• Provided data:
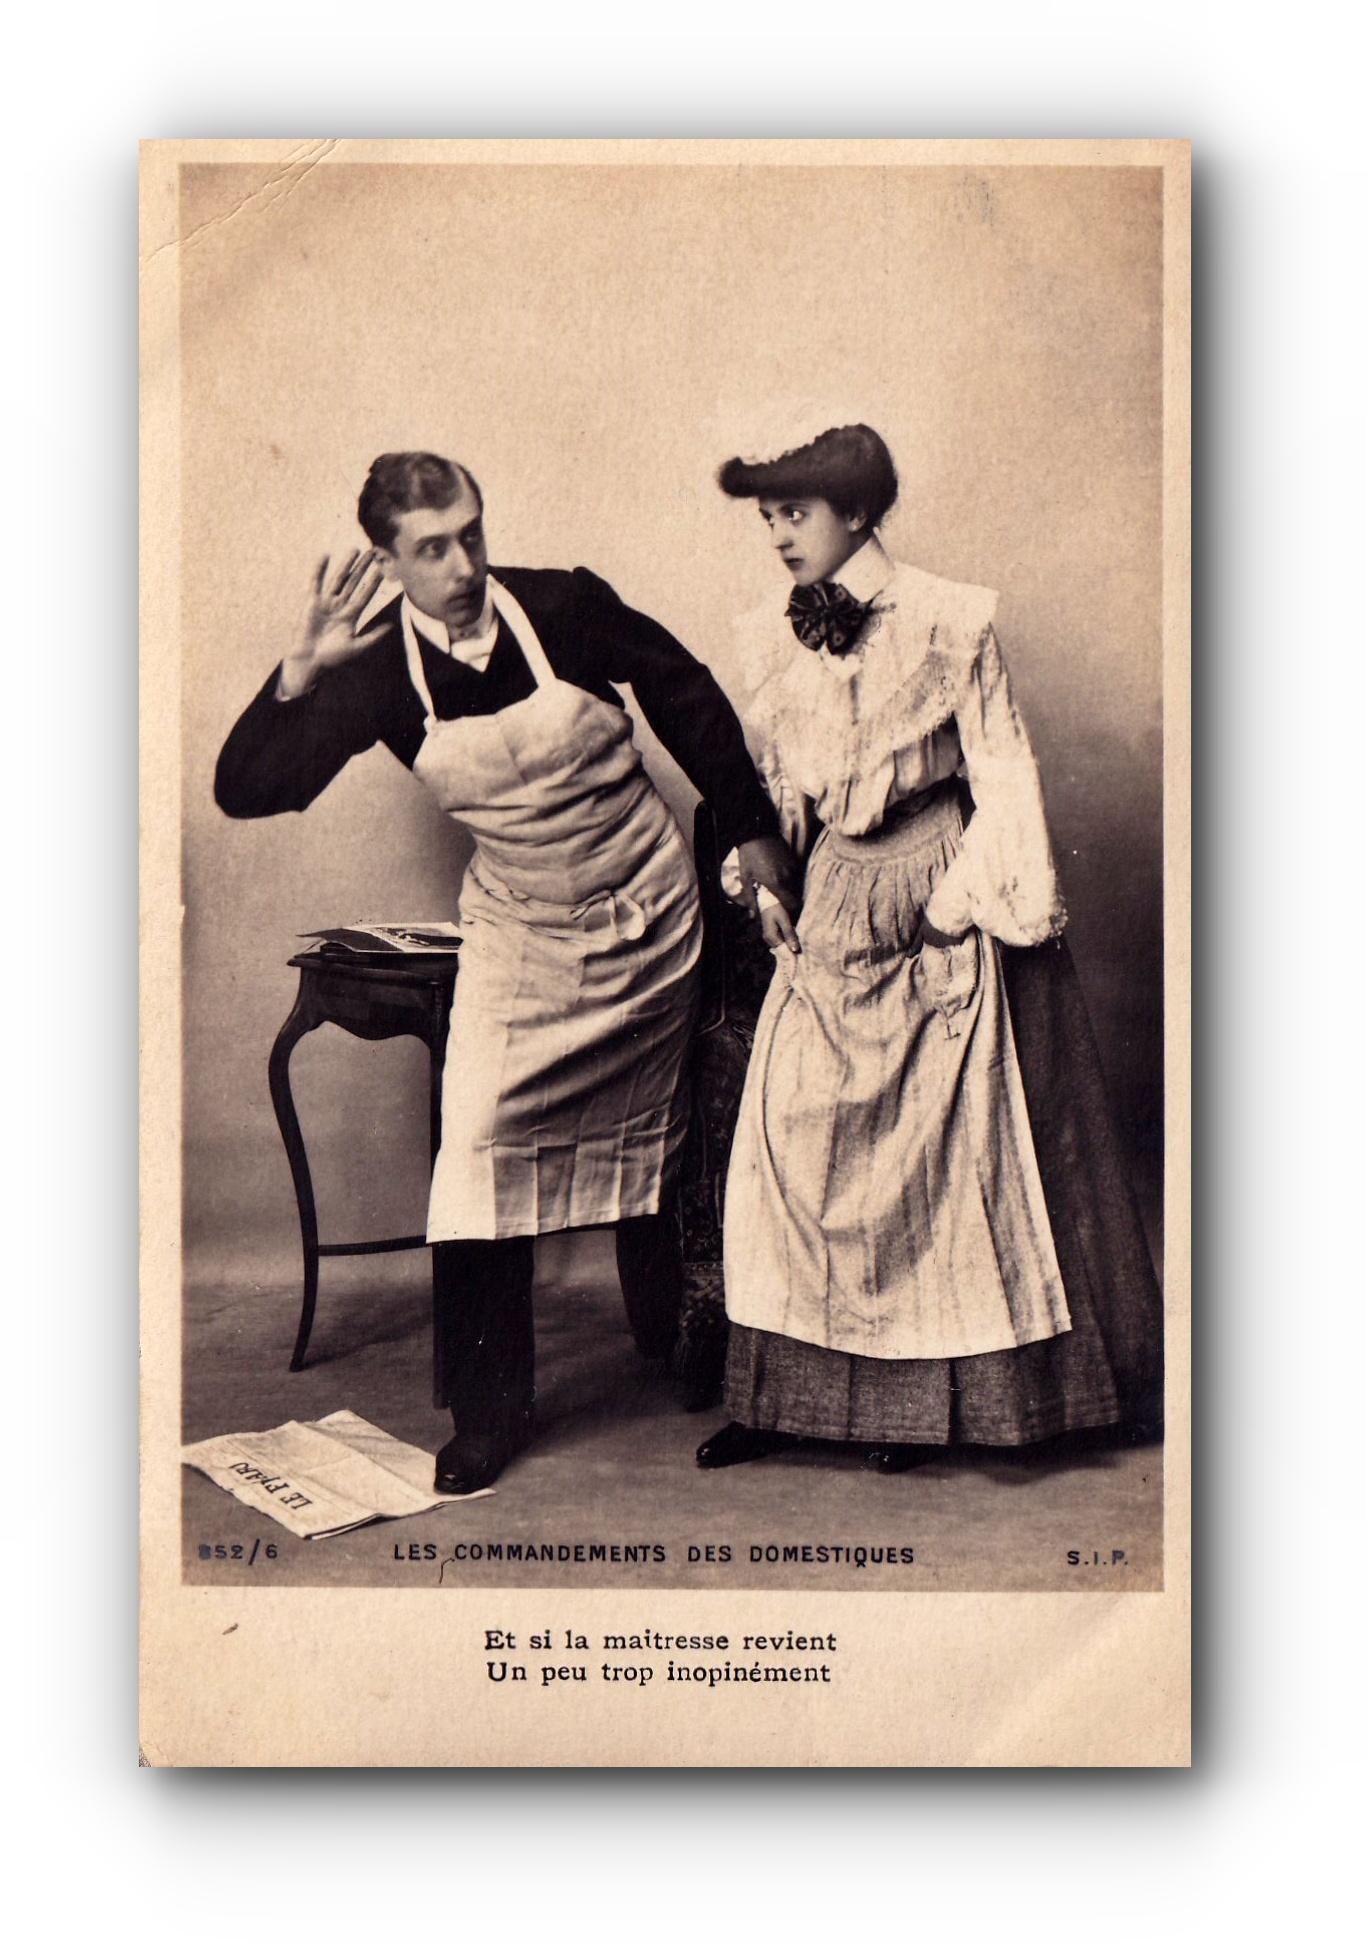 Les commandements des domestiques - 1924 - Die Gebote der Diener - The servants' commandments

---

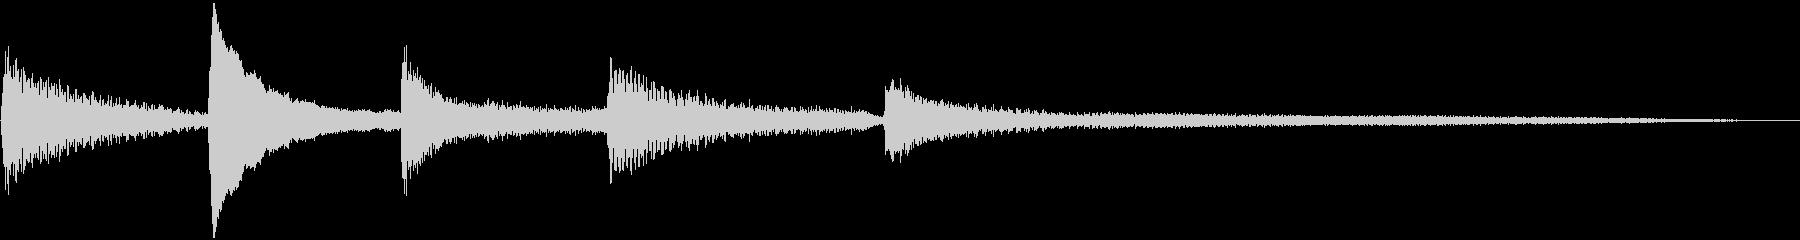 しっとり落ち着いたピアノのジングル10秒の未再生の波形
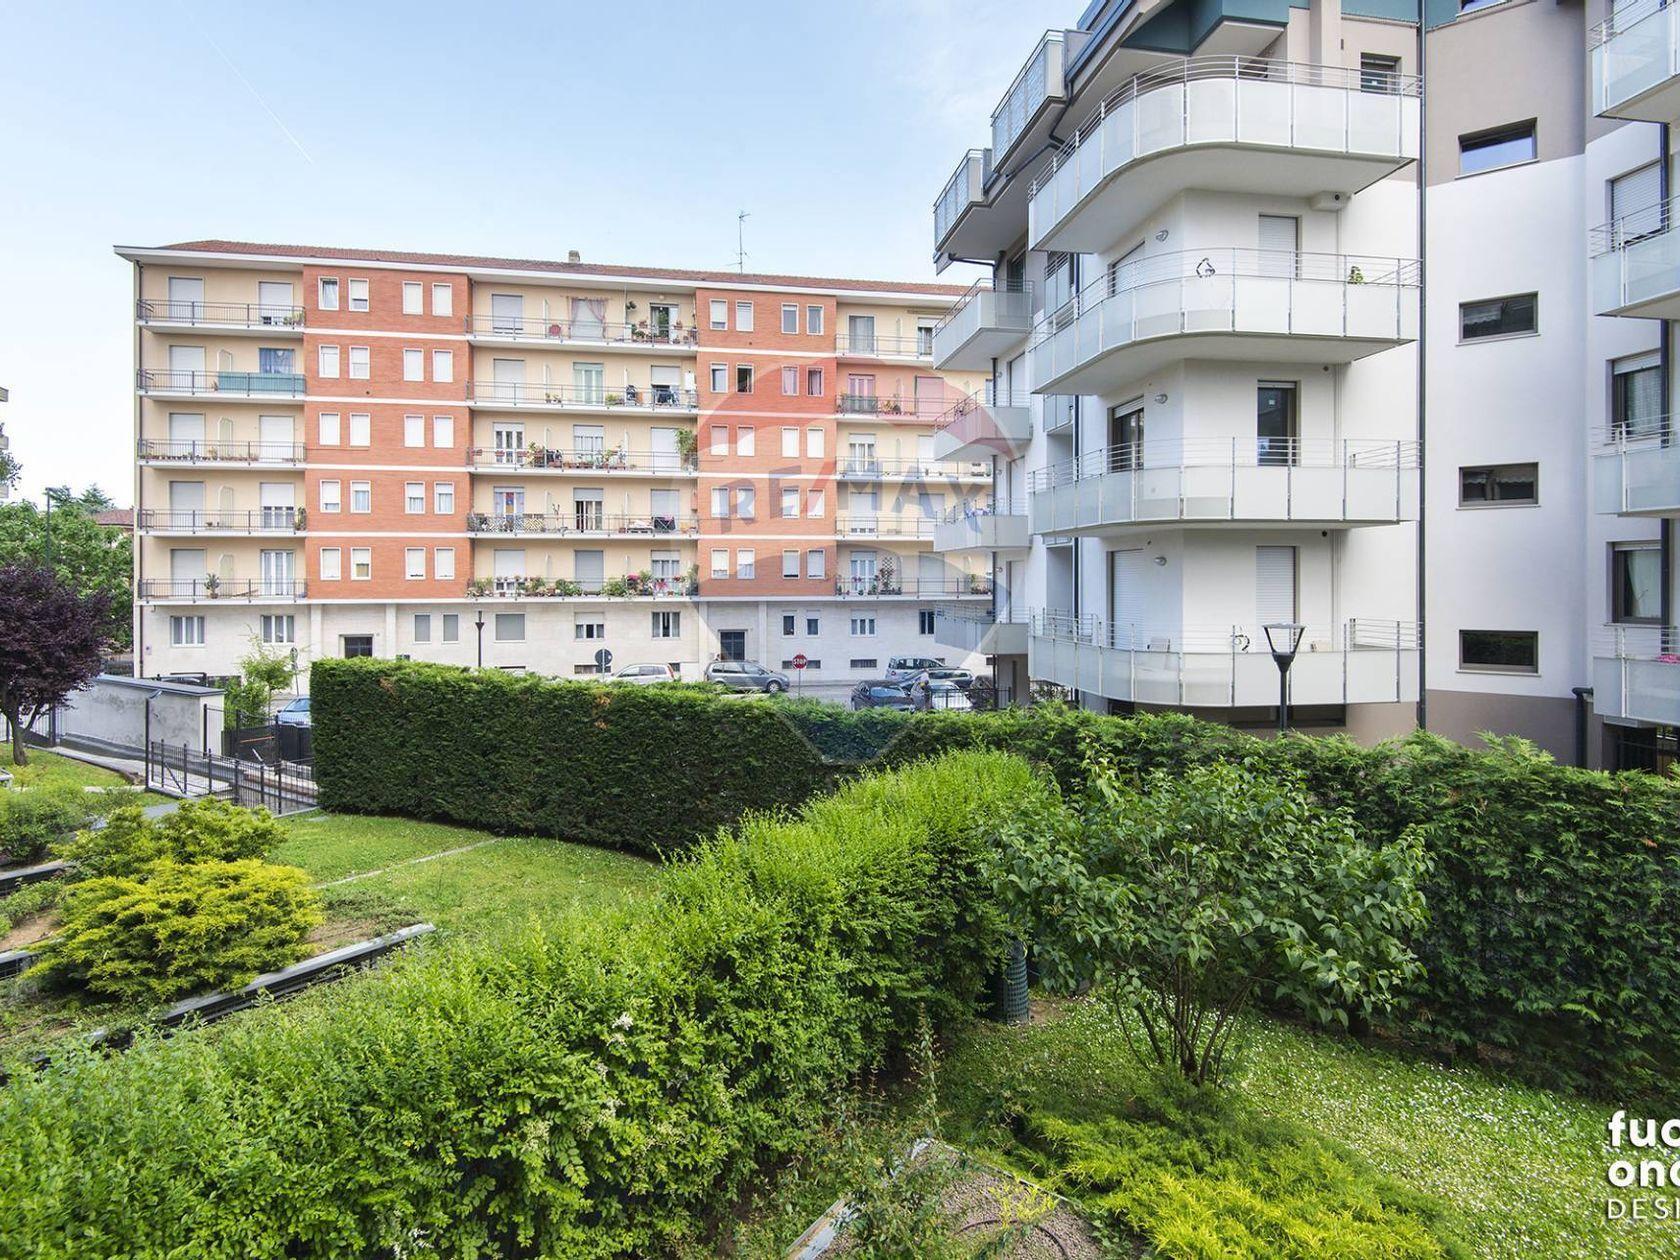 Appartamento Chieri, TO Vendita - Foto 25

• Problem details: Pictures aside, return exactly the lines from the data above, starting at the line that has "しっとり落ち着いたピアノのジングル10秒の未再生の波形" and ending at the line that has "Appartamento Chieri, TO Vendita - Foto 25", both included.

• Solution:
 しっとり落ち着いたピアノのジングル10秒の未再生の波形
 Appartamento Chieri, TO Vendita - Foto 25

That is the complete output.